И вот изгнанники взобрались на платаны и вязы по приставным лестницам, которые были любезно предоставлены им общиной, а затем убраны. Уже несколько месяцев испанская колония жила на деревьях, уповая на мягкий климат, на скорейшее появление королевского указа об амнистии и на провидение. У опальных дворян был изрядный запас испанских дублонов, и они закупали всевозможные припасы, чем весьма оживили городскую торговлю. Чтобы поднимать наверх еду, они приспособили несколько корзин на веревках. На самых крепких деревьях изгнанники раскинули балдахины, служившие им опочивальней. Словом, гранды устроились довольно удобно, хотя вернее было бы сказать, что тут постарались жители Оливабассы – понятно, не без выгоды для себя. Сами же изгнанники целыми днями пребывали в полнейшей праздности.
Козимо впервые встретил других людей, обитающих на деревьях, и сразу засыпал их практическими вопросами:
– А когда дождь идет, что вы делаете?
– ¡Sacramos todo el tiempo, Señor![33]
И толмач, падре Сульписио де Гуадалете, из Общества Иисусова, попавший в опалу, когда его орден был в Испании запрещен, немедля перевел:
– Под защитой наших балдахинов мы обращаем свои помыслы к Всевышнему, дабы возблагодарить его за то немногое, чем мы довольствуемся.
– А охотой вы занимаетесь?
– Señor, algunas veces con el visco.
– Время от времени кто-нибудь из нас, развлечения ради, мажет ветку птичьим клеем.
Козимо не уставал расспрашивать их о том, как они разрешили трудности, встретившиеся и ему.
– А с мытьем, как вы с мытьем устраиваетесь?
– ¿Раrа lavar? ¡Hoy lavanderos! – пожав плечами, ответил дон Фредерико.
– Мы отдаем наше белье здешним прачкам, – перевел дон Сульписио. – Точнее говоря, каждый понедельник мы спускаем вниз на веревке корзину с грязным бельем.
– Нет, я спрашиваю, как вам удается помыть лицо и тело?
Дон Фредерико что-то пробормотал и недоуменно пожал плечами с таким видом, словно мысль об этом ему даже в голову не приходила.
Дон Сульписио почел нужным объяснить:
– По мнению его высочества, это личное дело каждого.
– А где вы, простите, справляете нужду?
– Ollas, Señor[34].
И дон Сульписио все тем же смиренным тоном:
– Собственно, мы пользуемся небольшими глиняными кувшинами.
Когда Козимо распрощался с доном Фредерико, падре Сульписио повел его знакомиться с остальными дворянами колонии, каждый из которых имел собственную резиденцию на дереве.
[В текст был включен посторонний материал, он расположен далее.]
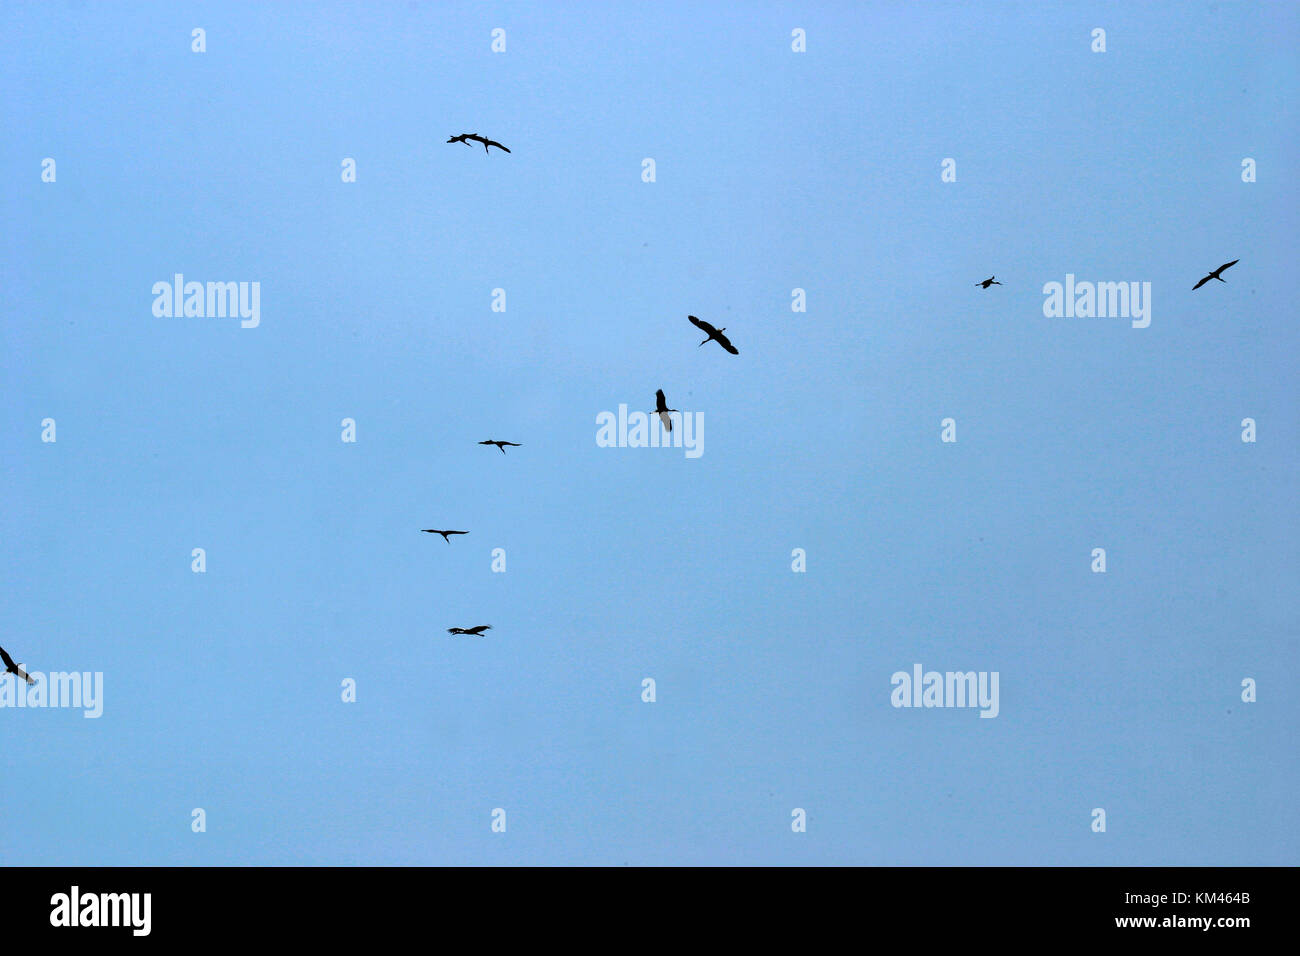 Storks soaring in the sky Stock Photo

Все эти идальго и знатные дамы, невзирая на понятные и неизбежные неудобства постоянного пребывания на деревьях, сохраняли прежние привычки и обычную невозмутимость.
Некоторые мужчины, садясь верхом на ветку, подкладывали кавалерийские седла, что очень понравилось Козимо, которому за все годы жизни на деревьях подобная мысль даже в голову не приходила. Он сразу сообразил, как удобно не свешивать ноги вниз, отчего они вскоре затекают, а держать их в стременах. Многие наводили на соседние деревья морские подзорные трубы (один из изгнанников имел даже звание адмирала) – вероятно, лишь для того, чтобы из любопытства подглядывать друг за другом и потом сплетничать.
Все дамы и барышни сидели на собственноручно вышитых подушках, вязали (они единственные в колонии хоть что-то делали) или гладили жирных котов. Котов на этих деревьях было великое множество, так же как птиц, сидевших в клетках (возможно, они стали жертвами клея), и лишь несколько голубей летали где им вздумается и садились на ладони девушек, печально гладивших их белые перышки.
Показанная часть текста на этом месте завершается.